(Records from a collection)
+ + + + +

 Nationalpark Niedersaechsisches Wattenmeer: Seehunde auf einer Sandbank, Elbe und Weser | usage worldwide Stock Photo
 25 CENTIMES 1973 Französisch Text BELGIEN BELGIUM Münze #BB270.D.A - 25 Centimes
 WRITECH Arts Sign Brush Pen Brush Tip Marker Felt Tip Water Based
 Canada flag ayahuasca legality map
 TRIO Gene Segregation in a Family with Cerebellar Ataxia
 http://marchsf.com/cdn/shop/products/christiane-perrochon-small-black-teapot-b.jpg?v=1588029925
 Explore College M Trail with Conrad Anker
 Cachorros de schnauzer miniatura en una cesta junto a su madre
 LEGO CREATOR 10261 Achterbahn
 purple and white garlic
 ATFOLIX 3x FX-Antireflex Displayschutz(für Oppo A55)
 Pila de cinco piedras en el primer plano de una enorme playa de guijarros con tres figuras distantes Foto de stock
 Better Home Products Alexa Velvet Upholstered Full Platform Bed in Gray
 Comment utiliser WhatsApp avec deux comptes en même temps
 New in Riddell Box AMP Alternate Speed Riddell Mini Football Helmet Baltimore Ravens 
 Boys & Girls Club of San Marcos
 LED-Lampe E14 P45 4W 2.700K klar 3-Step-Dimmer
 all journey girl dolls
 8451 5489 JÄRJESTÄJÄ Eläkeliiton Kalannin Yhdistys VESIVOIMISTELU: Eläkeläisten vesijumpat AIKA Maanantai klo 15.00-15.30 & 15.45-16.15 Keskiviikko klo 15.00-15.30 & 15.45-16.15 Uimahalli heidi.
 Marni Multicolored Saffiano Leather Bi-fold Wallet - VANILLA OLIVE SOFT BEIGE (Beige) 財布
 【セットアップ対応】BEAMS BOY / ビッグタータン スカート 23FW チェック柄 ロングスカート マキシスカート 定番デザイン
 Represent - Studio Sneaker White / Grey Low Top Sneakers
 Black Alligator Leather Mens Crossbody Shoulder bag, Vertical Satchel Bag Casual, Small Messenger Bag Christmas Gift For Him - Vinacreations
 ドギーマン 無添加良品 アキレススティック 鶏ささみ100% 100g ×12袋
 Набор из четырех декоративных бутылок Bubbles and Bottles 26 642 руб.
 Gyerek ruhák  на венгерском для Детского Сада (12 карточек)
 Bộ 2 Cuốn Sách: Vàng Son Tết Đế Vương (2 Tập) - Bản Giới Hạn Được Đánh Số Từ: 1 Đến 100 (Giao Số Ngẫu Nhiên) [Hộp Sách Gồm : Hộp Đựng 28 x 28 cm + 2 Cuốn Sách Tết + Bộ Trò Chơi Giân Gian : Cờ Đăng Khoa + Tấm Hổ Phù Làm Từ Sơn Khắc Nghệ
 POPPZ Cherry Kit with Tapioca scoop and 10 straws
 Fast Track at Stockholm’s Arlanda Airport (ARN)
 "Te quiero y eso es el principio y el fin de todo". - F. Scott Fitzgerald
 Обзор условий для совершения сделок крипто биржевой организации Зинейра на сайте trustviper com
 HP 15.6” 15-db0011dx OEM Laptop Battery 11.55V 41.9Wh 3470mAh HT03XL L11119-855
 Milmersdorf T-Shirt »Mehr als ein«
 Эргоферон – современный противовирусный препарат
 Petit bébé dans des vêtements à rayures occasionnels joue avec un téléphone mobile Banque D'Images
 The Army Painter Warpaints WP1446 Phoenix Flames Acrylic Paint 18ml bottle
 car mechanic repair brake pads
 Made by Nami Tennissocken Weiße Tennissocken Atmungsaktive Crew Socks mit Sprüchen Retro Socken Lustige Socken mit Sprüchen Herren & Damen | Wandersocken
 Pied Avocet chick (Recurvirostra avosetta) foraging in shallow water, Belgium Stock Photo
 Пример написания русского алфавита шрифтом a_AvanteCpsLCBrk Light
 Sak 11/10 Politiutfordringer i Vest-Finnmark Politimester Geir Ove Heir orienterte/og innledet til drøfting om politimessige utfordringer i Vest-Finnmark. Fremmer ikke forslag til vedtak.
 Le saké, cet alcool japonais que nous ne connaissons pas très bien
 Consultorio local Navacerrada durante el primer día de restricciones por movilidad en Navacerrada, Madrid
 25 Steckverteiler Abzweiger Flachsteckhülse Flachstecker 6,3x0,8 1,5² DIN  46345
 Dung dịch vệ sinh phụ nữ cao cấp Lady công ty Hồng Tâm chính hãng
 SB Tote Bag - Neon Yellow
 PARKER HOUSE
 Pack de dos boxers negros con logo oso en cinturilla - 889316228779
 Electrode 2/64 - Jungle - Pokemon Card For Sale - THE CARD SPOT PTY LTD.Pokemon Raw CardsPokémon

+ + + + +

[Exercise objective]
Transcribe each record above exactly. Skip none.

[Expected answer]
 Nationalpark Niedersaechsisches Wattenmeer: Seehunde auf einer Sandbank, Elbe und Weser | usage worldwide Stock Photo
 25 CENTIMES 1973 Französisch Text BELGIEN BELGIUM Münze #BB270.D.A - 25 Centimes
 WRITECH Arts Sign Brush Pen Brush Tip Marker Felt Tip Water Based
 Canada flag ayahuasca legality map
 TRIO Gene Segregation in a Family with Cerebellar Ataxia
 http://marchsf.com/cdn/shop/products/christiane-perrochon-small-black-teapot-b.jpg?v=1588029925
 Explore College M Trail with Conrad Anker
 Cachorros de schnauzer miniatura en una cesta junto a su madre
 LEGO CREATOR 10261 Achterbahn
 purple and white garlic
 ATFOLIX 3x FX-Antireflex Displayschutz(für Oppo A55)
 Pila de cinco piedras en el primer plano de una enorme playa de guijarros con tres figuras distantes Foto de stock
 Better Home Products Alexa Velvet Upholstered Full Platform Bed in Gray
 Comment utiliser WhatsApp avec deux comptes en même temps
 New in Riddell Box AMP Alternate Speed Riddell Mini Football Helmet Baltimore Ravens 
 Boys & Girls Club of San Marcos
 LED-Lampe E14 P45 4W 2.700K klar 3-Step-Dimmer
 all journey girl dolls
 8451 5489 JÄRJESTÄJÄ Eläkeliiton Kalannin Yhdistys VESIVOIMISTELU: Eläkeläisten vesijumpat AIKA Maanantai klo 15.00-15.30 & 15.45-16.15 Keskiviikko klo 15.00-15.30 & 15.45-16.15 Uimahalli heidi.
 Marni Multicolored Saffiano Leather Bi-fold Wallet - VANILLA OLIVE SOFT BEIGE (Beige) 財布
 【セットアップ対応】BEAMS BOY / ビッグタータン スカート 23FW チェック柄 ロングスカート マキシスカート 定番デザイン
 Represent - Studio Sneaker White / Grey Low Top Sneakers
 Black Alligator Leather Mens Crossbody Shoulder bag, Vertical Satchel Bag Casual, Small Messenger Bag Christmas Gift For Him - Vinacreations
 ドギーマン 無添加良品 アキレススティック 鶏ささみ100% 100g ×12袋
 Набор из четырех декоративных бутылок Bubbles and Bottles 26 642 руб.
 Gyerek ruhák  на венгерском для Детского Сада (12 карточек)
 Bộ 2 Cuốn Sách: Vàng Son Tết Đế Vương (2 Tập) - Bản Giới Hạn Được Đánh Số Từ: 1 Đến 100 (Giao Số Ngẫu Nhiên) [Hộp Sách Gồm : Hộp Đựng 28 x 28 cm + 2 Cuốn Sách Tết + Bộ Trò Chơi Giân Gian : Cờ Đăng Khoa + Tấm Hổ Phù Làm Từ Sơn Khắc Nghệ
 POPPZ Cherry Kit with Tapioca scoop and 10 straws
 Fast Track at Stockholm’s Arlanda Airport (ARN)
 "Te quiero y eso es el principio y el fin de todo". - F. Scott Fitzgerald
 Обзор условий для совершения сделок крипто биржевой организации Зинейра на сайте trustviper com
 HP 15.6” 15-db0011dx OEM Laptop Battery 11.55V 41.9Wh 3470mAh HT03XL L11119-855
 Milmersdorf T-Shirt »Mehr als ein«
 Эргоферон – современный противовирусный препарат
 Petit bébé dans des vêtements à rayures occasionnels joue avec un téléphone mobile Banque D'Images
 The Army Painter Warpaints WP1446 Phoenix Flames Acrylic Paint 18ml bottle
 car mechanic repair brake pads
 Made by Nami Tennissocken Weiße Tennissocken Atmungsaktive Crew Socks mit Sprüchen Retro Socken Lustige Socken mit Sprüchen Herren & Damen | Wandersocken
 Pied Avocet chick (Recurvirostra avosetta) foraging in shallow water, Belgium Stock Photo
 Пример написания русского алфавита шрифтом a_AvanteCpsLCBrk Light
 Sak 11/10 Politiutfordringer i Vest-Finnmark Politimester Geir Ove Heir orienterte/og innledet til drøfting om politimessige utfordringer i Vest-Finnmark. Fremmer ikke forslag til vedtak.
 Le saké, cet alcool japonais que nous ne connaissons pas très bien
 Consultorio local Navacerrada durante el primer día de restricciones por movilidad en Navacerrada, Madrid
 25 Steckverteiler Abzweiger Flachsteckhülse Flachstecker 6,3x0,8 1,5² DIN  46345
 Dung dịch vệ sinh phụ nữ cao cấp Lady công ty Hồng Tâm chính hãng
 SB Tote Bag - Neon Yellow
 PARKER HOUSE
 Pack de dos boxers negros con logo oso en cinturilla - 889316228779
 Electrode 2/64 - Jungle - Pokemon Card For Sale - THE CARD SPOT PTY LTD.Pokemon Raw CardsPokémon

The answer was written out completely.